Why can't we observe a fraction of a particle?

Question

I have a train of thought which leads me to believe that we should be able to observe a fraction of a particle. Pelase help me:

1. In Quantum Field Theory, we model particles as total energy eigenstates of the field energy. This accurately models the probabilities of particle creation/annihilation observed in the lab.

2. The total energy is $\int H (x) d^3x$. This is a non-local quantity. The only way we'd have been able to measure this is if we were an omnipresent being performing a measurement on the entire $R^3$ space at once.

3. We should only be able to measure local quantities like the energy density $H(x) $. In spite of this, point no. 1 above accurately models scattering experiments.

4. So it must be that the total energy measurement serves as a good approximation for the local energy density measurement.

5. One we to reconcile point 1. and 3. that I can think of is : Let's say we take a total energy eigenstate $|p\rangle$. And then we plot on $R^3$, the expected value of the energy density $f(x) =\langle p|H(x)|p\rangle$. (Since $|p\rangle$ is not a physical state, take it to be a Gaussian). If $f(x) $ is sharply localised near some $x$, and $0$ everywhere else, then an energy density measurement at that point would serve as a good approximation to the total energy measurement. So, if we happen to have an energy measurement device located at that point, we'd end up measuring the total energy as a whole particle (instead of a fraction).

Is everything correct upto this point? Moving on:

6. Point no. 5. should only approximately apply to high momentum particles, that we deal with in scattering experiments. This is because point no. 5 approximately simultaneously assigns a position and a momentum to a particle. For high momentum particles, we can approximately bypass the uncertainty principle by having a Gaussian with a sharp mean position and momentum.
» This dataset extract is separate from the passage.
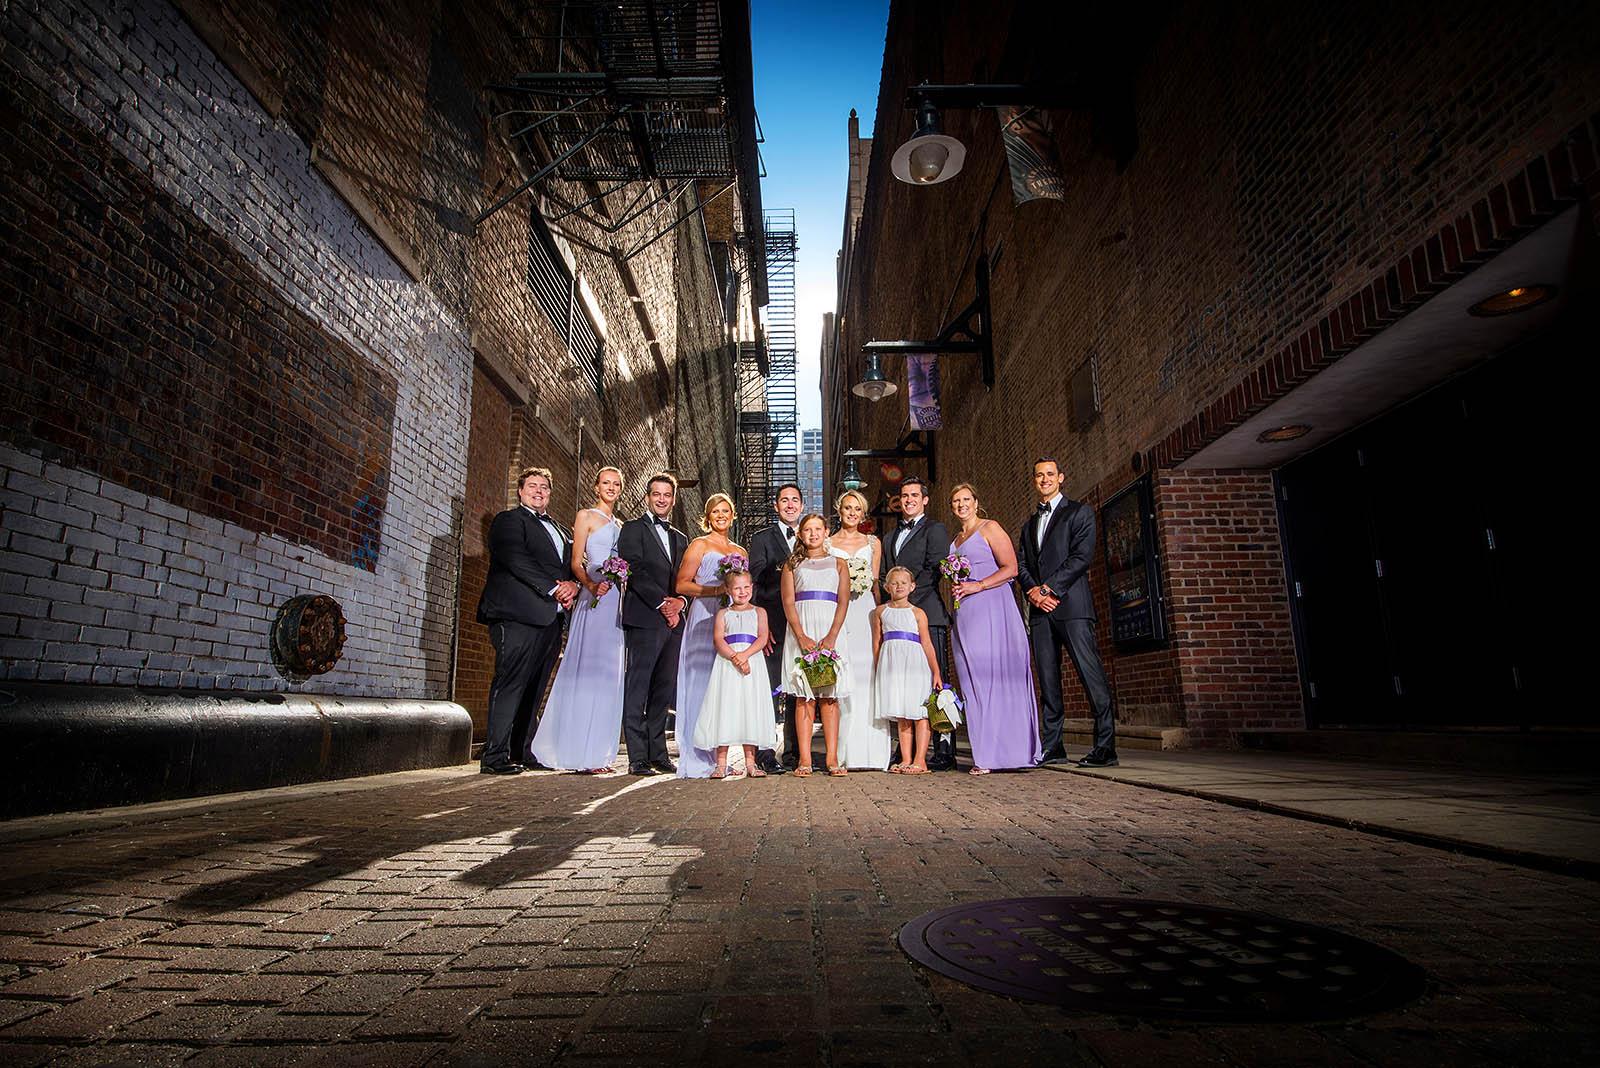 Bridal Party Wedding Photo Alley Chicago
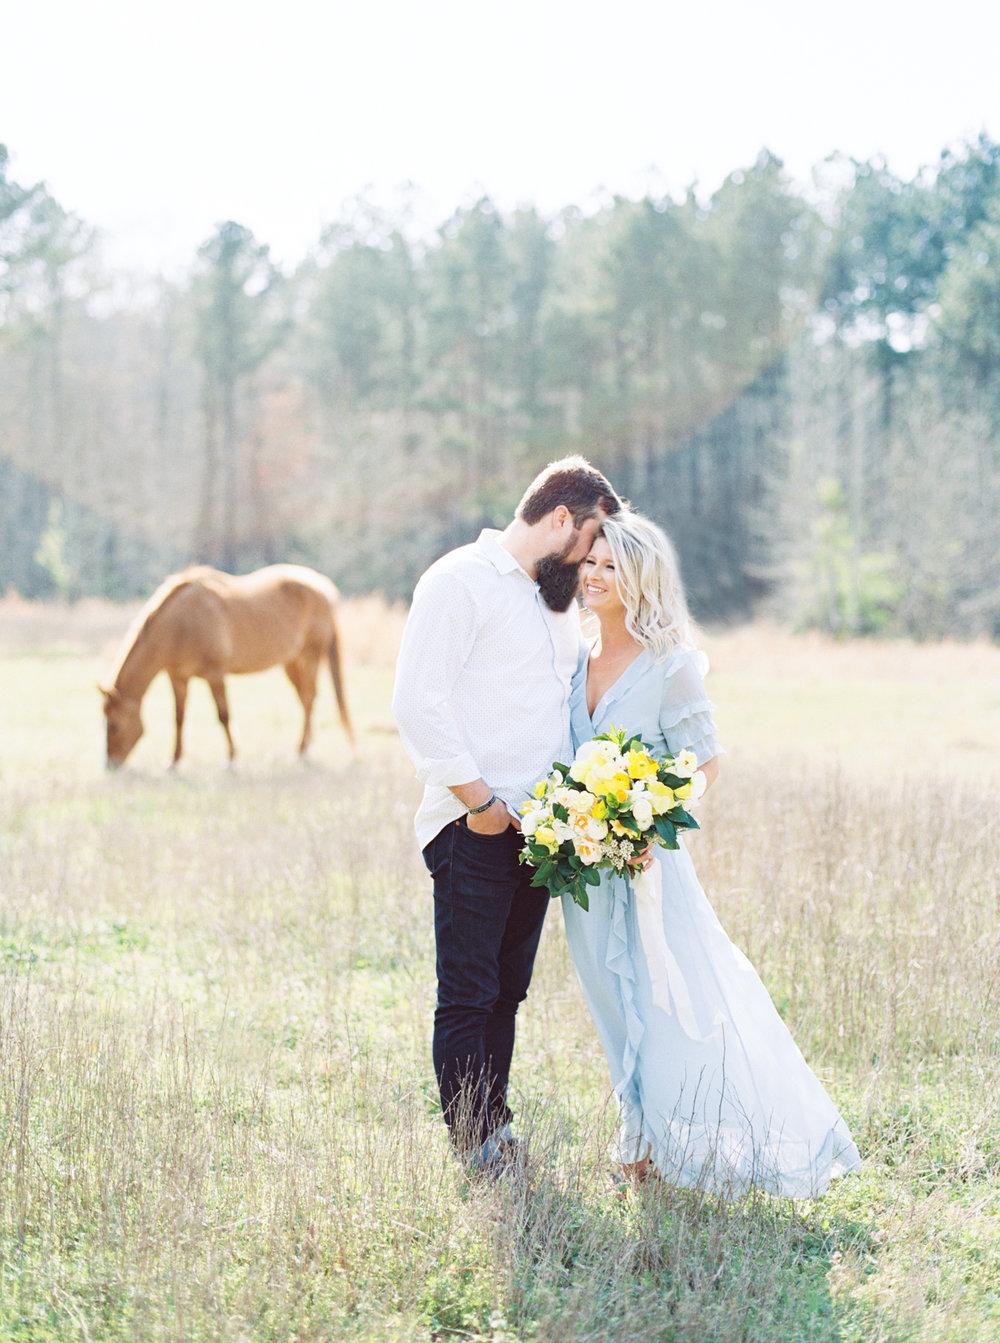 hannah forsberg atlanta wedding photographer whitney spence anniversary session with miniature donkeys and horse-1.jpg

7. So, as we move to the $v\ll c$ regime, the the plot of $f(x)$ should be more spread out on $R^3$. This means that, if we attempted to measure the energy density $H(x) $ at a point, we'd end up measuring a fraction of the total energy.

8. However, from non-relativistic QM, we know point no. 7 is not true. Whenever we attempt a measurement, either the entire particle gets summoned to the point with probability $|\psi (x) |^2$, or we observe no particle. There is no such thing as detecting a fraction of the particle.

I really want to understand where I'm going wrong. If my reasoning upto point 5. was correct, I want to know how to derive point no.8 from it in the non-relativistic regime, i.e. how do we derive the experimentally observed fact that the entire particle gets summoned with probability $|\psi (x) |^2$?

Answer 1

There are many important things to think about in your question but I don't agree with point 5. If $\left | p \right >$ were truly an energy eigenstate of a translation invariant theory, then $f_p(x) = \left < p | H(x) | p \right >$ would be independent of $x$. For $f_p(x)$ to make sense as a collider observable, it would need to be somewhat localized in position space. I.e. the state $\left | p \right >$ needs to be somewhat smeared in momentum space.

The most sensible thing to write is \begin{align} \left | p \right > = \int_{\mathbb{R}^3} \rho_p(k) a^\dagger_k \left | 0 \right > \end{align} where $\rho_p(k)$ attains its peak value at $k = p$. But I don't see how the particle being relativistic or not interferes with our ability to prepare states like this. As long as $\rho_p(k)$ is not so narrow that we lose all information about position, experiments can be built which give it any width. Whether $|p| \approx m$ or $p \gg m$. So that's my objection to the idea that the non-relativistic limit requires $f_p(x)$ to be more and more spread out.

Of course you can have states which are too spread out to be interpreted as wavepackets. Solitons are the ones that typically attract the most interest. But I don't see any barrier in principle towards designing an experiment which detects a fraction of a particle in the sense you're describing.

Answer 2

You ask in the title:

Why can't we observe a fraction of a particle?

Define "observe" and define "particle".

Observations in our everyday world culminated, after the time of Newton, into measurements of velocities etc, in classical mechanics, starting with "classical particles" defined as tiny parts of solid matter. Particle of dust for example.

The theoretical models of classical mechanics electrodynamics etc, when brought to describe particles approaching in mass or dimension zero, break down, because 1/r singularities appear.

Quantum mechanics theory has solved this problem, and the current mainstream physics defines elementary particles as point particles, i.e. zero dimensions, which means they cannot be fragmented.

This axiomatic proposition in the standard model of elementary particles fits the data very well and is inherent in the quantum field theory models.

There exist other quantum field theories where what the creation and annihilation operators create are composites of elementary particles. There the mathematics you are contemplating might fit that data, but not the elementary particles of the standard model of particle physics.

It may be that future observations and experiments dispose of this axiomatic assumption by finding discrepancies with the standard model, but this is the status at the moment. Elementary particles are zero point particles and cannot be fragmented.